Torto Arado, o Musical, são duas peças em um só espetáculo. Aprovada e elogiada pelo autor da obra, Itamar Vieira Junior, a montagem é mais uma das produções culturais que brotam da singular saga de duas irmãs quilombolas que representam uma síntese de um Brasil ainda às voltas com feridas abertas da escravidão. Muito tem-se falado do musical, e com razão. A cantoria começa com o Coro dos Encantados, uma evocação a partir de cantigas tradicionais do Jaré, passa por outras 22 canções e se despede com Depois do Final, uma celebração ao direito de viver. A sonoridade é marcante. Mas é teatro também. Teatro na sua essência de contar com personagens complexos, dramaturgia sofisticada, cenografia, figurinos e iluminação que adensam o palco e, acima de tudo, uma narrativa que transborda.

Quem teve a sorte de assistir ao espetáculo (os ingressos se esgotaram meteoricamente), pode dizer se rotular de “musical” é suficiente para dar conta do que se viu. Melhor dizer é a “imagina-ação”, surrupiando a expressão utilizada por Elísio Lopes Jr, diretor e dramaturgo da peça. Ele próprio lembra que o livro Torto Arado propiciou o surgimento de dezenas de outras produções culturais e que esta é mais uma delas. “É a nossa tradução, o nosso recorte, é um caminho descalço numa estradinha estreita de barro, com cercas de arame farpado por todos os lados”, afirma.

Bibiana (Larissa Luz) e Belonísia (Bárbara Sut) são as personagens de "Torto Arado, o Musical"
Bibiana (Larissa Luz) e Belonísia (Bárbara Sut) são as personagens de “Torto Arado, o Musical” – Foto: Caio Lírio/ Divulgação

No Teatro Raul Cortez, do Sesc 14 Bis, seis músicos tomam seus lugares nos cantos do palco, cujo chão em declive remete a um terreno acidentado, uma metáfora à história em si que se passa no sertão baiano, nas paragens onde muito se imagina, mas poucos as conhecem. Bibiana e Belonísia, duas irmãs baianas, têm suas vidas entrelaçadas a partir de um trágico episódio na infância. A essa altura do campeonato, muitos devem saber em detalhes o que se passou, mas convém não estragar a experiência sensorial de ler, ver ou ouvir essa história por sua própria iniciativa. Pode-se dizer, apenas, que uma dependerá da outra para ser sua representante no mundo e, acima de tudo, nas lutas empreendidas pelos povos quilombolas.

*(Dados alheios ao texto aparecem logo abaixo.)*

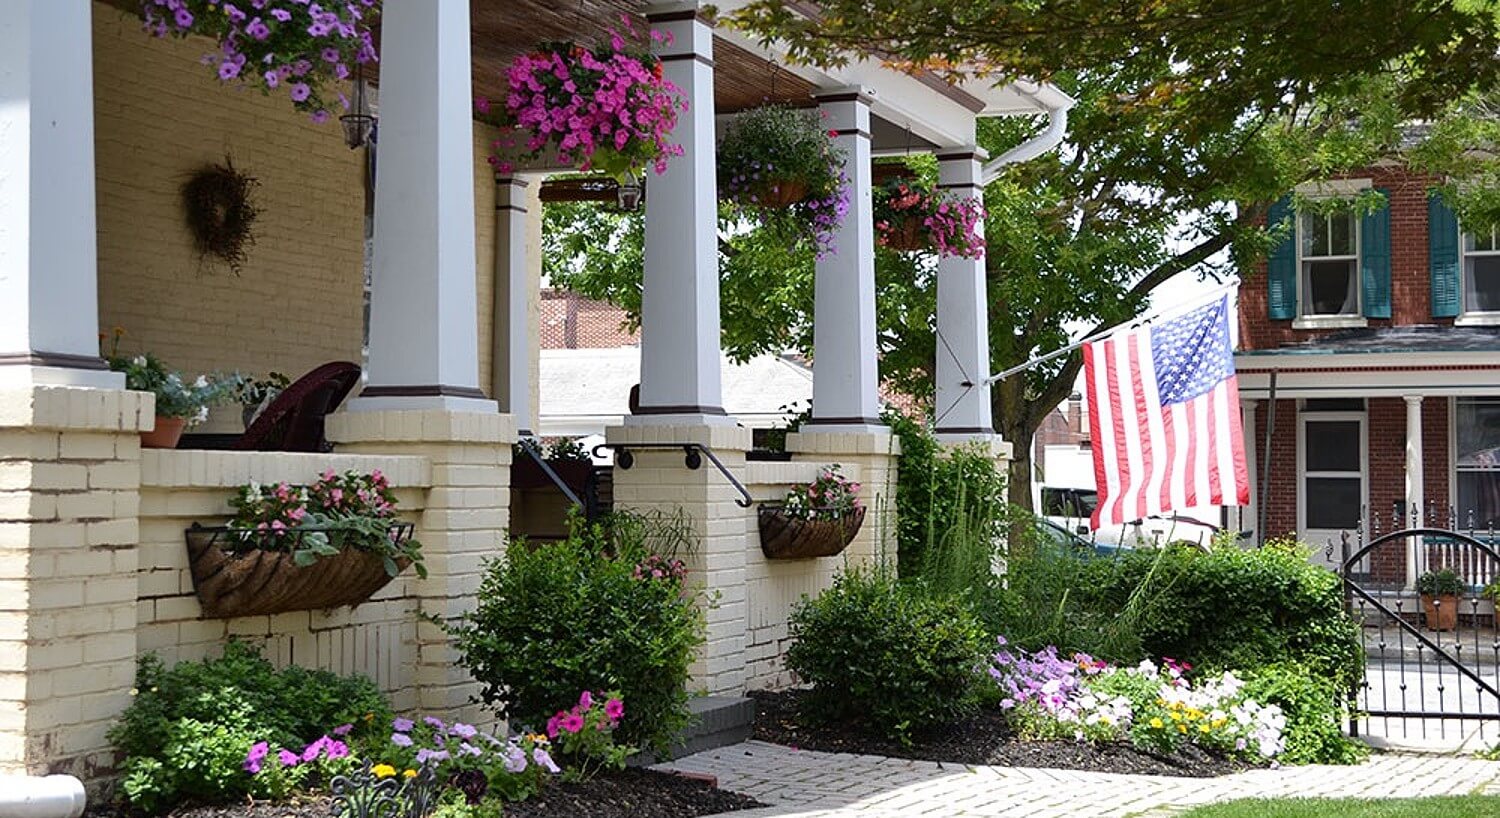 Front porch of a brick home with tall white pillars, beautiful hanging baskets and flag on a pole

A inventividade da trama de Itamar Vieira Junior é mostrar que essas duas personagens tão distintas e umbilicalmente ligadas entre si representam com toda força a luta de povos subjugados por questões ligadas à escravidão, ao racismo, às desigualdades, às forças destrutivas de uma sociedade movida a dinheiro, a eterna luta pela terra. Belonísia (interpretada por Bárbara Sut) depende de sua irmã, Bibiana (Larissa Luz), para expressar o que está dentro de seu corpo e sua alma. Ao mesmo tempo, ela consegue dizer muito em cena, fruto de uma dramaturgia sutil criada por Fábio Espírito Santo e Aldri Anunciação. As duas são mulheres fortes, guerreiras e sonhadoras.

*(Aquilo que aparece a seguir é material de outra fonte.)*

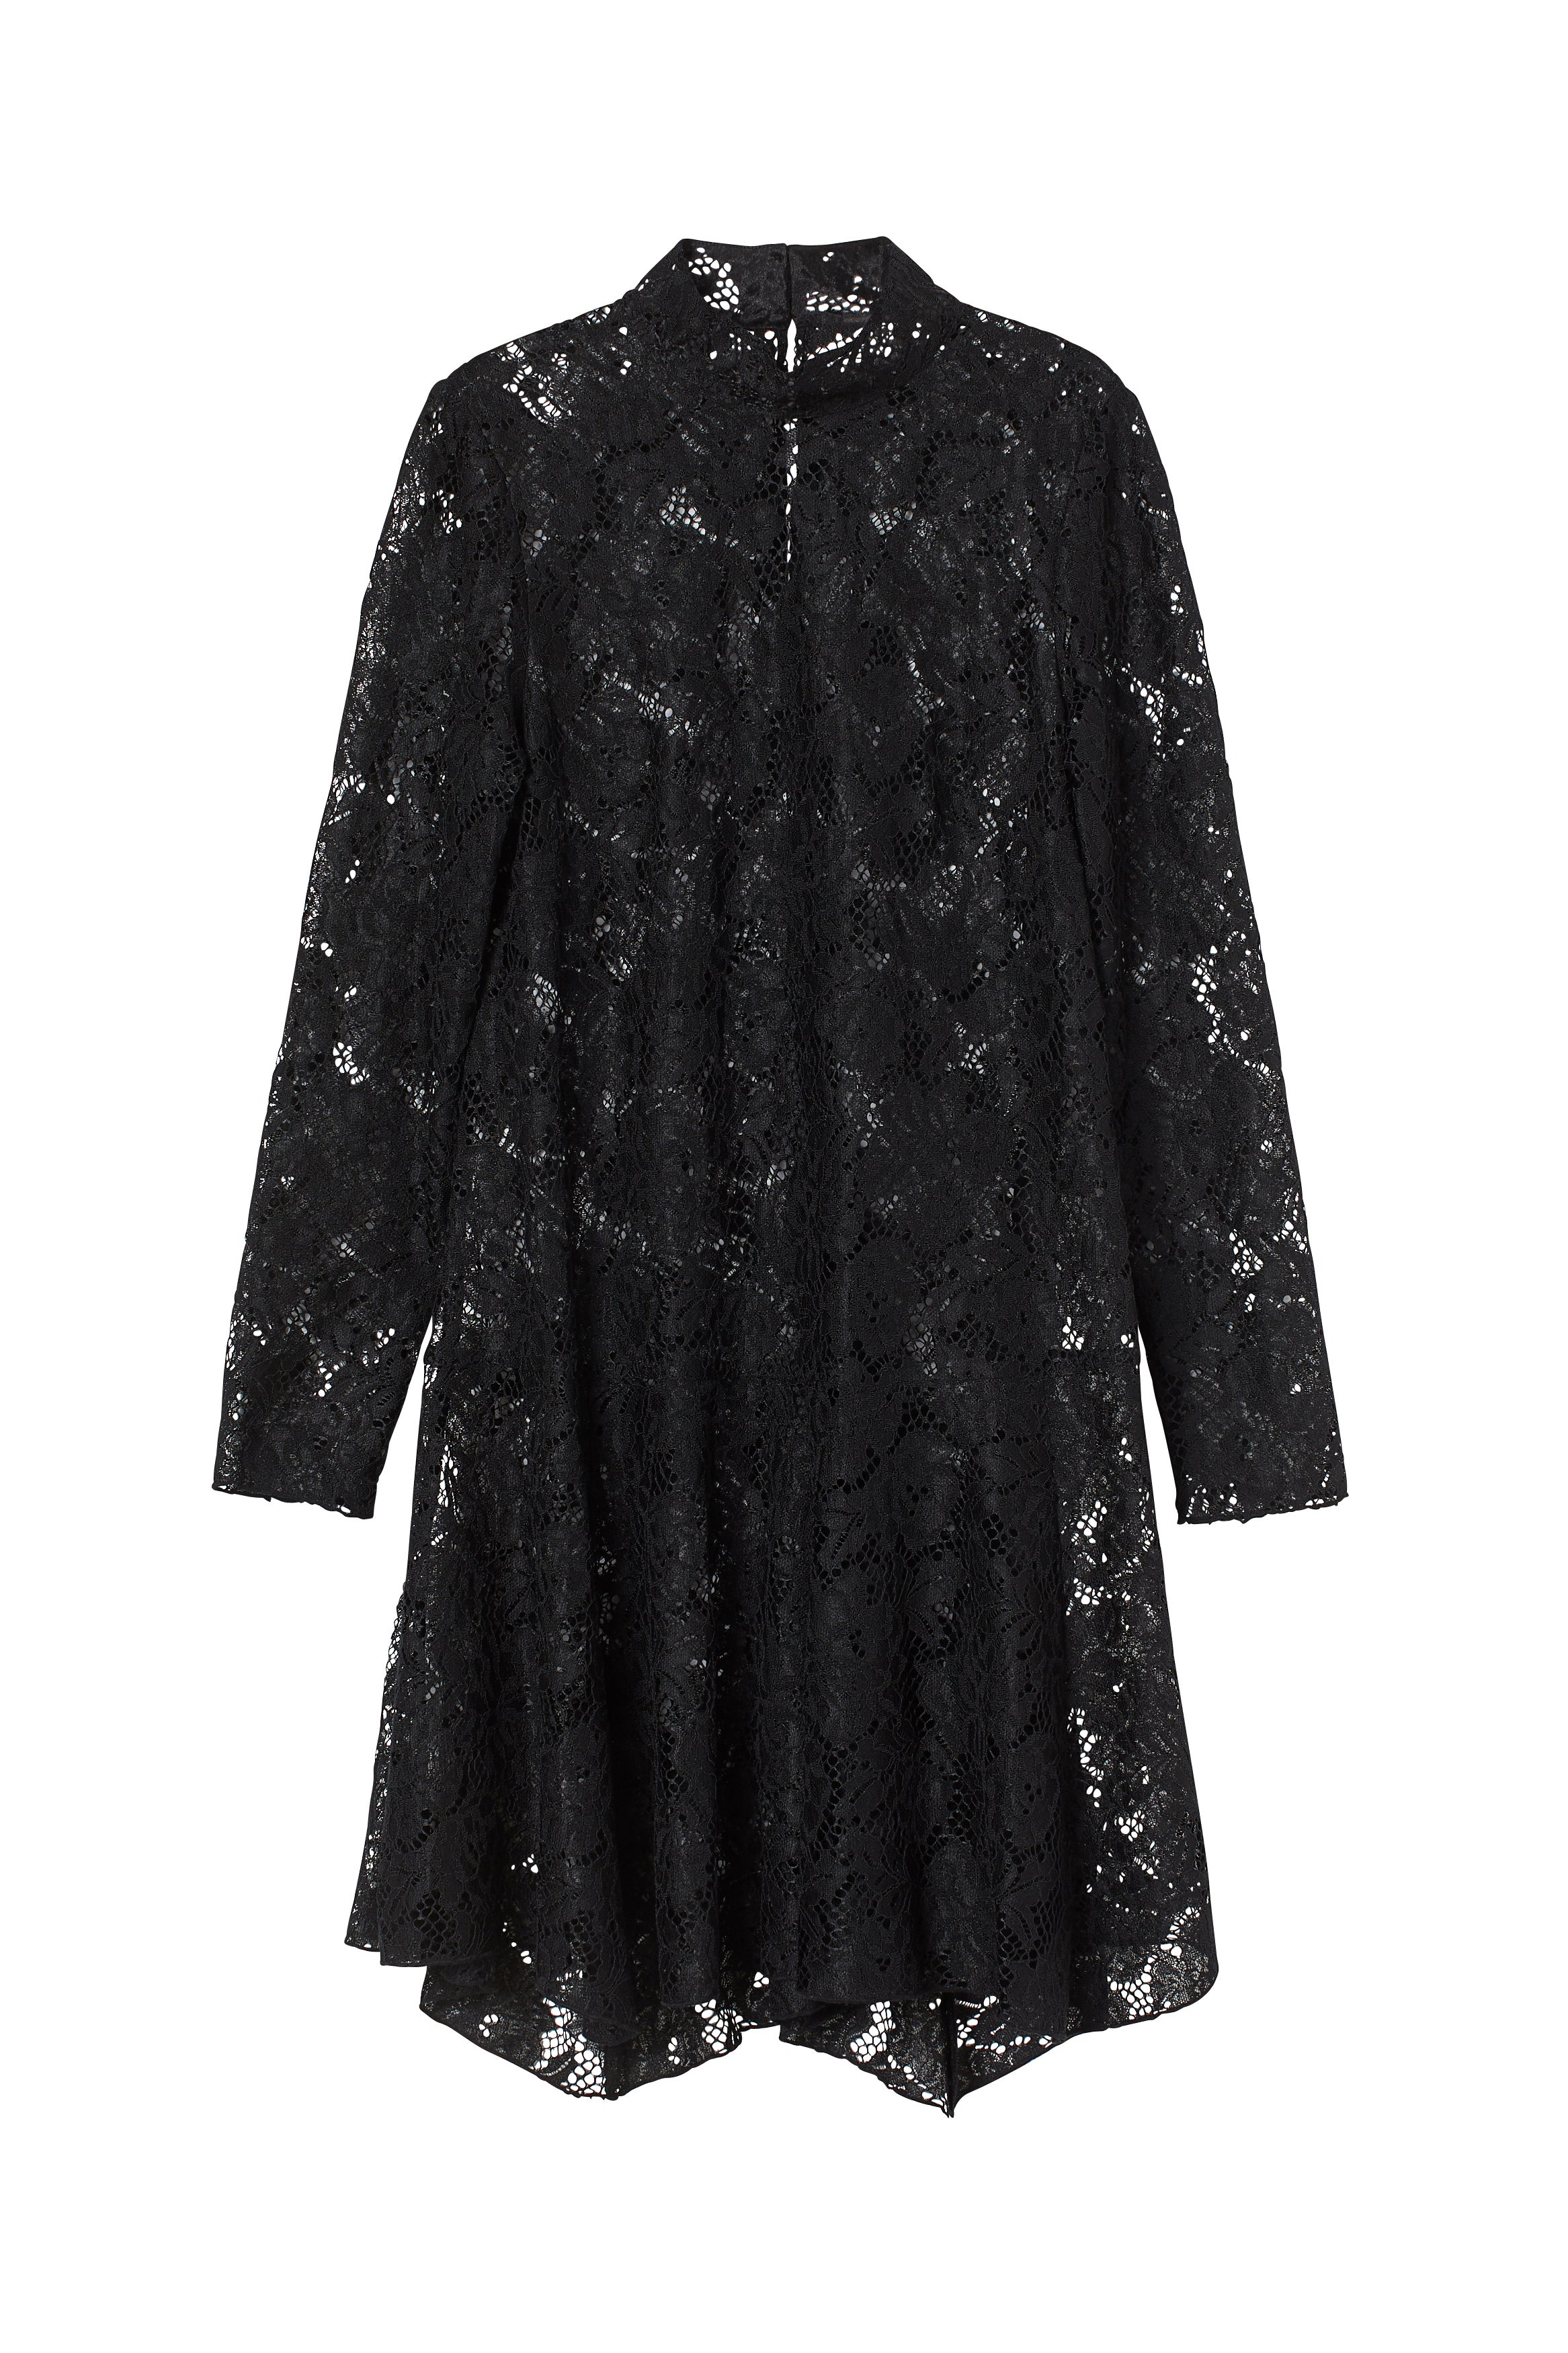 H&M + Lace stand-up collar dress

Na fricção entre o livro e a peça, resta um espetáculo de forte sotaque baiano, muito por sorte de o diretor musical Jarbas Bittencourt ter uma longa trajetória com contribuições para o Teatro Negro Brasileiro, o Bando de Teatro Olodum (BA) e a Cia dos Comuns (RJ). A peça que nasceu em Salvador vai além da recriação das cenas tão bem escritas por Itamar Vieira Junior. Alguns hão de achar que a obra original é muito maior e que, por essa razão, o musical deveria entregar ainda mais. O público que lotou as exibições certamente irá discordar. E eu também.

Torto Arado. De Itamar Vieira Junior. No Sesc 14 Bis.